The sc-35 should pull an ip with dns no problem. I've seen it work countless times. That said I like ine interface with appleTV or off a bdp better. The only thing the elite will give you is access to 5.1 surround music streaming.


----------



## Jungle Jack (Jul 28, 2009)

Hello,
I have never come across Pioneer AVR Owners not being able to connect. That being said, I too almost never use the network features of my AVR as I have an Apple TV, PS3, 2 OPPO BDP's, and even my TV can all handle more or less the same features. About the only time I use the network feature is to listen to Atlanta Falcons games on Sirius via the Onkyo.
Cheers,
JJ


----------



## 8086 (Aug 4, 2009)

If the receiver cant get an IP address, check your routers logs, and active connections. If you see a live connection, go to the command prompt and type: 
CMD (hit enter)
ping xxx.xxx.xxx.xxx (the ip address, x represents a number, hit enter)

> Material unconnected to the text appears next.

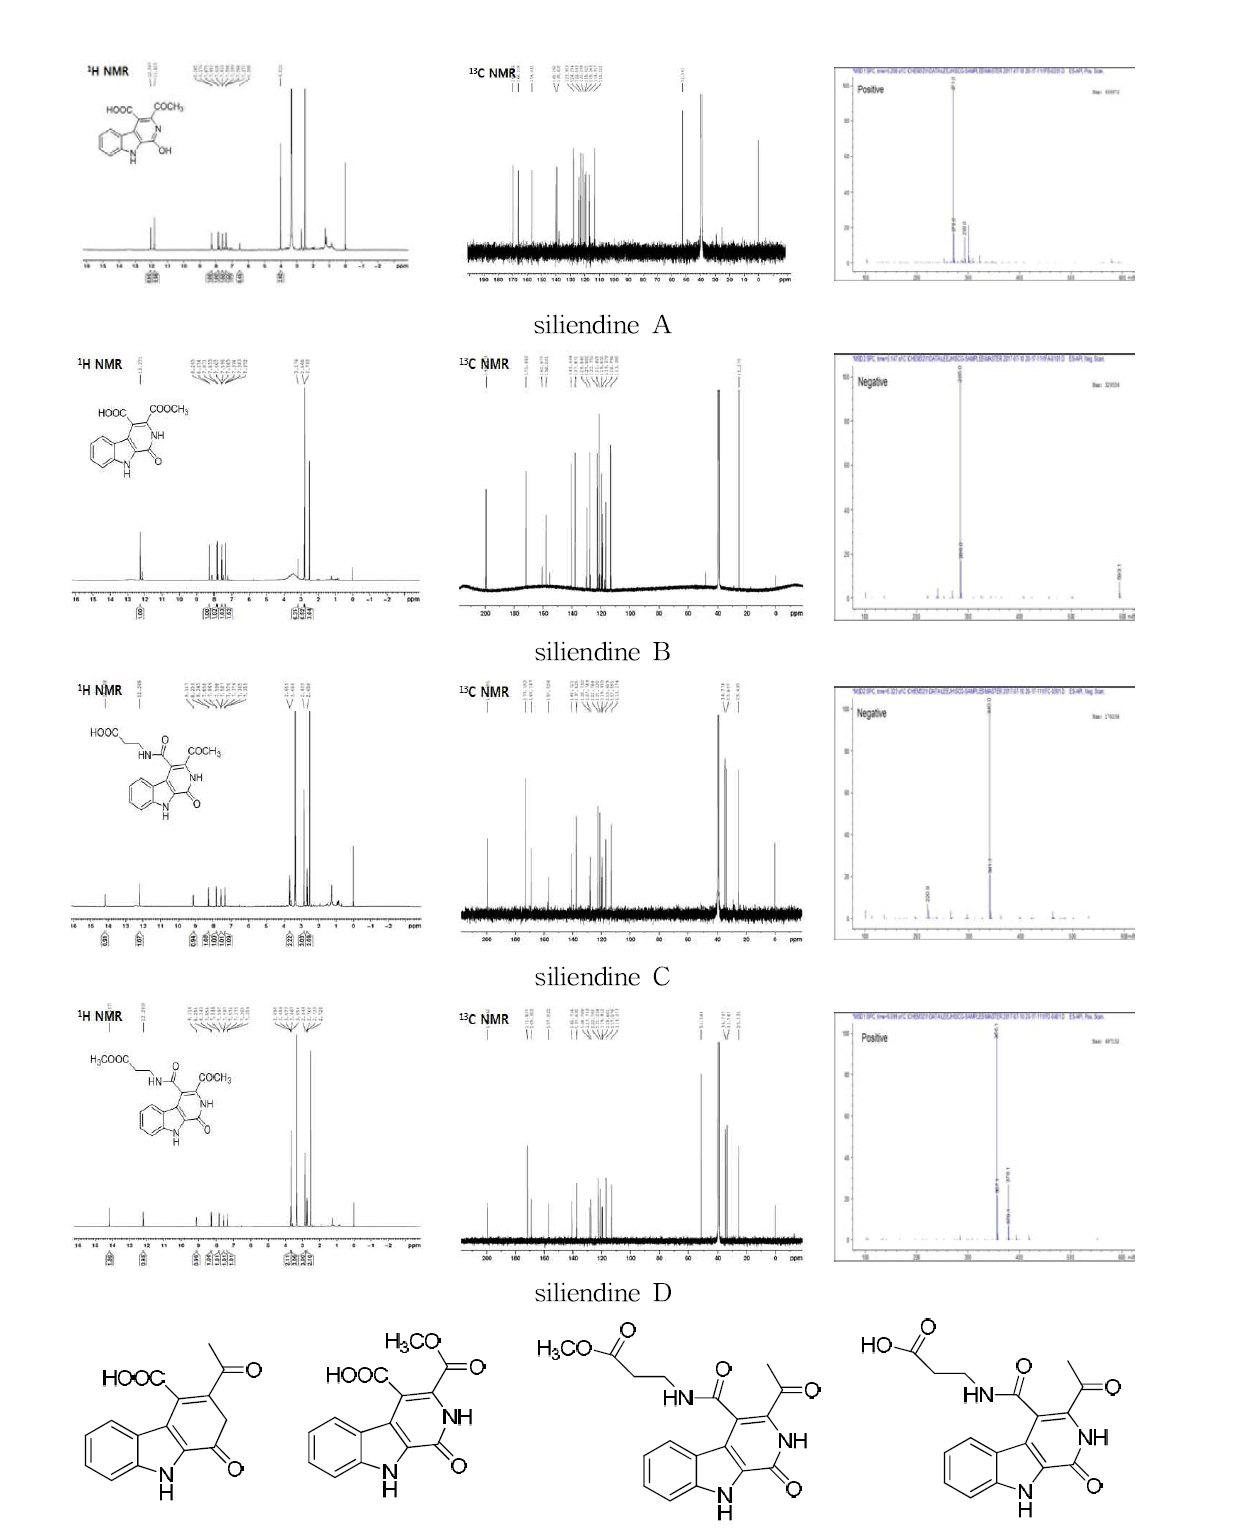 siliendine A ∼ D 의 NMR spectra 및 구조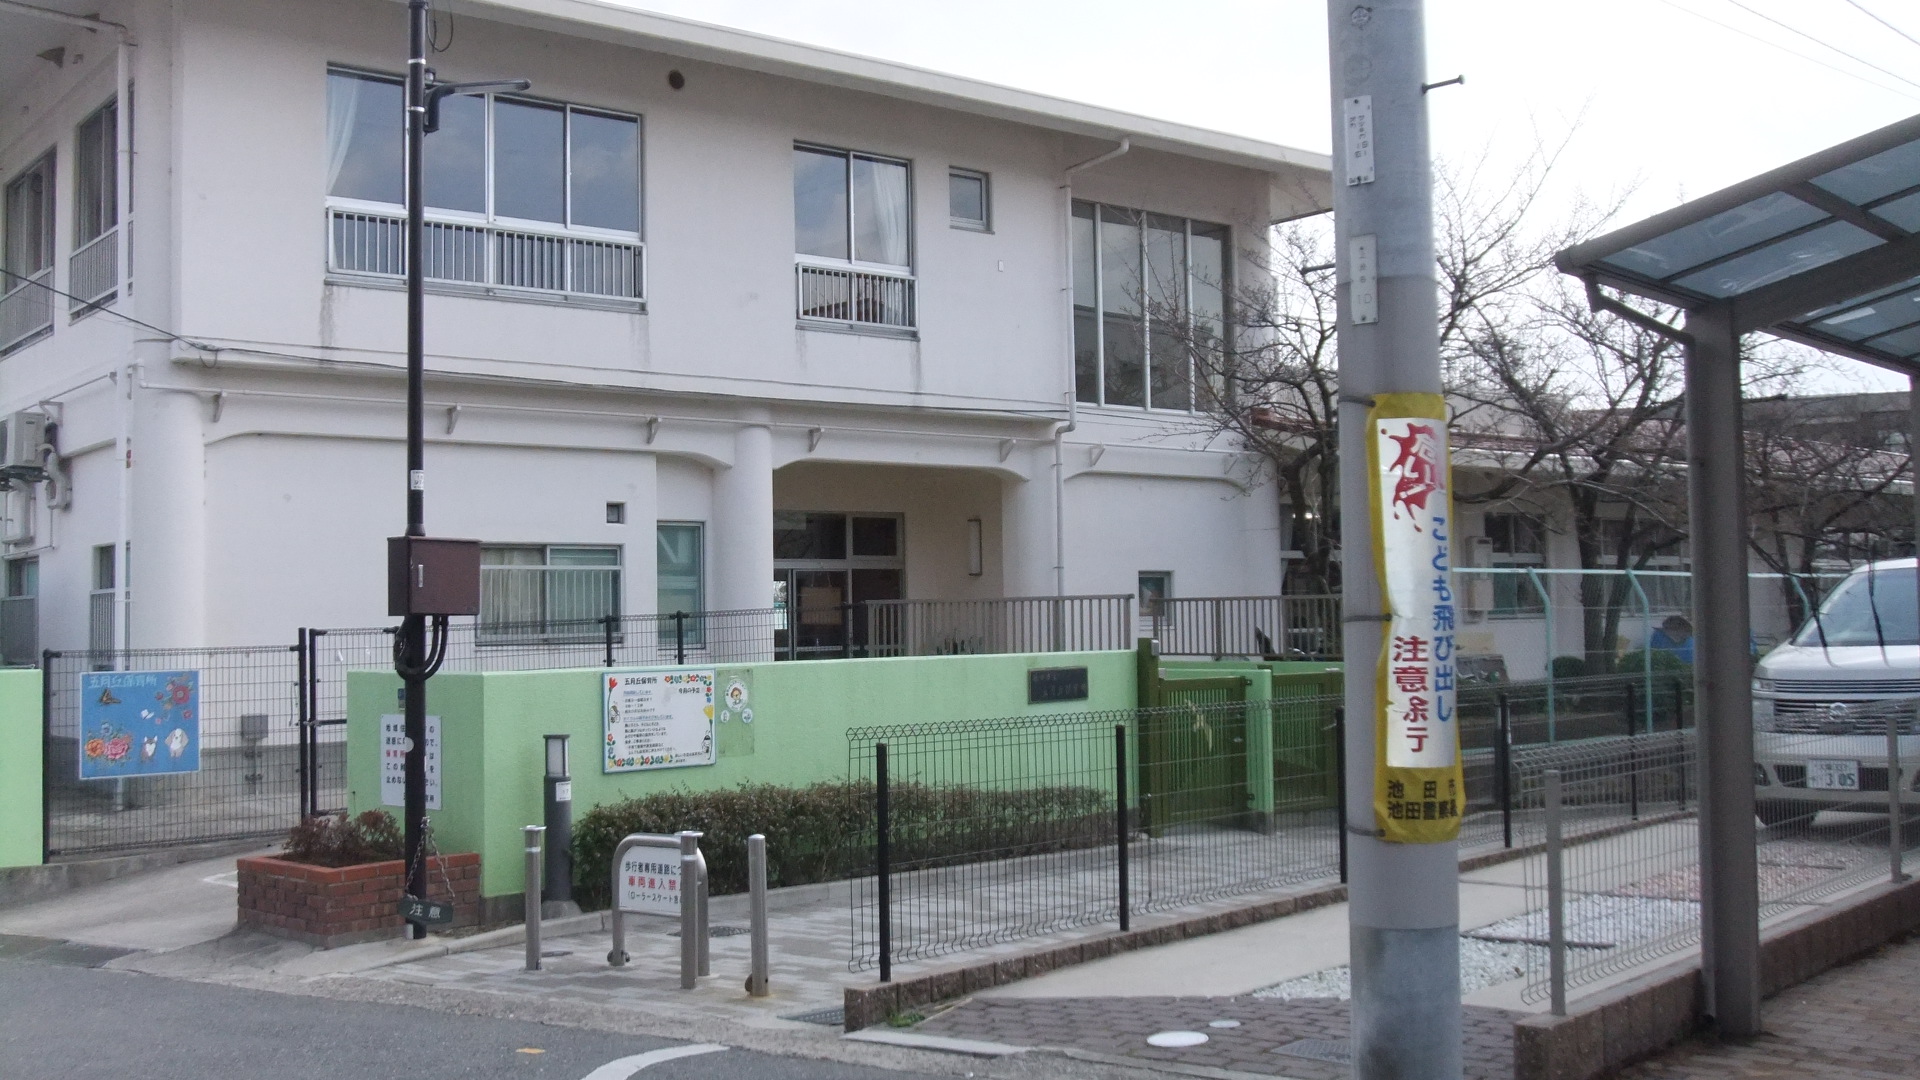 kindergarten ・ Nursery. Ikeda Municipal Satsukigaoka nursery school (kindergarten ・ 168m to the nursery)

See if you get a reply from your wireless bridge. Also, it would he handy to know what make and model of wireless bridge we are working with here. 

The SC-37 is DLNA compatible. If you are trying to stream videos to your TV, you can do it. I've done this usng my PC and PS3. All you need is the right software on your PC. For basic purposes, Windows Media Player will handle simple formats. For more complex streaming and transcoding, you will need a better software package like Nero (preferred) or PS3 MediaServer. Many more choices out there, it just depends on what you want to do here.


Also, I have done media streaming over a Wireless G network and its usually a less than desireable experience. I would suggest a hardwired cable, even if only a mere 100 mb/s. Make the one time labor investment and wire your home for gigabit, thank yourself later.


----------